PEP 680: "tomllib" Support for parsing TOML in the Standard Library

CAM-Gerlach · January 11, 2022, 9:47pm

Thanks @hauntsaninja , @hukkinj1 and @encukou !

For reference (might be good to include in the OP, @hauntsaninja ), the PEP was spawned from this previous discussion:

I’ll submit a PR with some formatting and copyediting fixes shortly, and raise any more substantial issues here.

I guess my one real concern is, as a number of others have mentioned, the lack of write support, for several reasons.

As the PEP links to, usecases requiring write are at least 1/3 as common as those requiring read, so we’d be excluding a large fraction of the potential use cases that could benefit for this (perhaps close to 50% more use cases than those that just need read support, assuming most use cases that write TOML also read it).
This also isn’t consistent with any (AFAIK) of the other similar formats (JSON, CSV, INI, Pickle, XML, etc.) in the standard library that all support both read and write, particularly the idiomatic load/loads and dump/dumps API common in both the standard library and third party packages.
The fact that the stdlib has read but not write support (unlike other formats, as above) is likely to confuse and frustrate users, and potentially push them toward other legacy or less-appropriate formats, as well as (combined with its inclusion in the stdlib and accelerating use in other contexts leading to widespread adoption), generating a substantial volume of questions, complaints, bug tickets and support requests,
This, in turn, prevents users restricted to the stdlib for various reasons from taking advantage of it, and requiring others to have to find, decide on, install and depend upon a third party package to do so. Furthermore, given the most popular current option is (and many of the others are) unmaintained, buggy and does not support the current stable standard (that tomli does), there is a serious risk of users either having to spend substantial effort finding a “good” choice, or picking a “bad” option, and either splitting their reads and writes over two different libraries or forgoing the stdlib altogether.
Also, as the PEP mentions, it would make moving to the toml name substantially more viable (though still probably not recommended, at least until usage of toml dies out and tomllib can be relied upon, due to the backward compat breakage).
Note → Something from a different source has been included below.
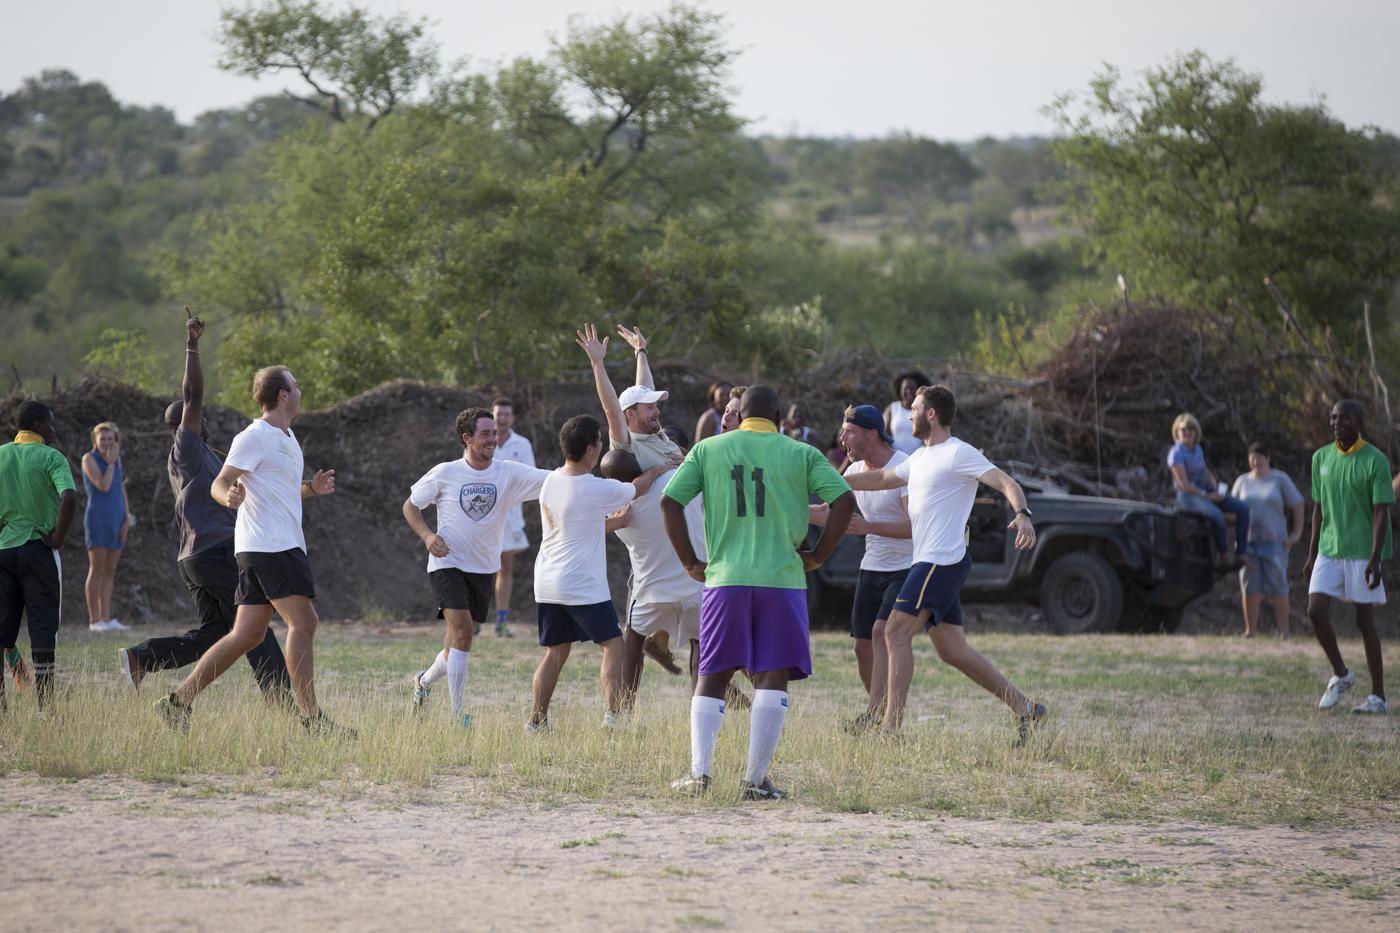 Duncs Celebrate 3 Soccer

Addressing the objections in the PEP:

The ability to write TOML is not needed for the use cases that motivate this PEP: for core Python packaging use cases or for tools that need to read configuration.

Use cases that involve editing TOML (as opposed to writing brand new TOML) are better served by a style preserving library.

Both in my experience using toml for a number of different packages, as well as browsing the first few pages of grep.app hits for toml.load (as linked in the PEP), the great majority of use cases are not for editing TOML, but rather creating it, particularly for outputting a default/initial config file for an application, tool, script, etc. (quite common), and various other use cases that didn’t involve a round-trip from user created/edited TOML. Furthermore, the fact that toml continues to see such large usage despite it not preserving any style and tomlkit and other alternatives doing so is a testament to it not being critical for the great majority of applications.

But even without considering style preservation, there are too many degrees of freedom in how to design a write API. For example, how much control to allow users over output formatting, over serialization of custom types, and over input and output validation. While there are reasonable choices on how to resolve these, the nature of the standard library is such that one only gets one chance to get things right.

Is there a reason why the existing, minimal toml_w API for this cannot be adopted for the initial implementation, which doesn’t include these features at all and should satisfy most use cases, and then support added later for them if there is demand? I’m a little confused about how “the nature of the standard library is such that one only gets one chance to get things right” applies if we simply don’t include those features at all in an initial implementation, and only add them later, which is the exact same rationale presented for write support as a whole.

Currently no CPython core developers have expressed willingness to maintain a write API or sponsor a PEP that includes a write API.

Perhaps the blockers here could be further explained? Tests aside, tomli_w is only 167 sloc in a single module (at least a few dozen of which appears similar or identical to code in tomli, and could be de-duplicated), vs 658 sloc split over multiple modules for tomli. Is maintaining around 20% more lines of simple, modern, well-tested code really a hard blocker to capturing perhaps as much as 50% more use cases, as well as the other points mentioned above? Or are there other reasons why maintenance of even a minimal, existing write implementation such as tomli_w’s is a burden? Is there anything others can do to help?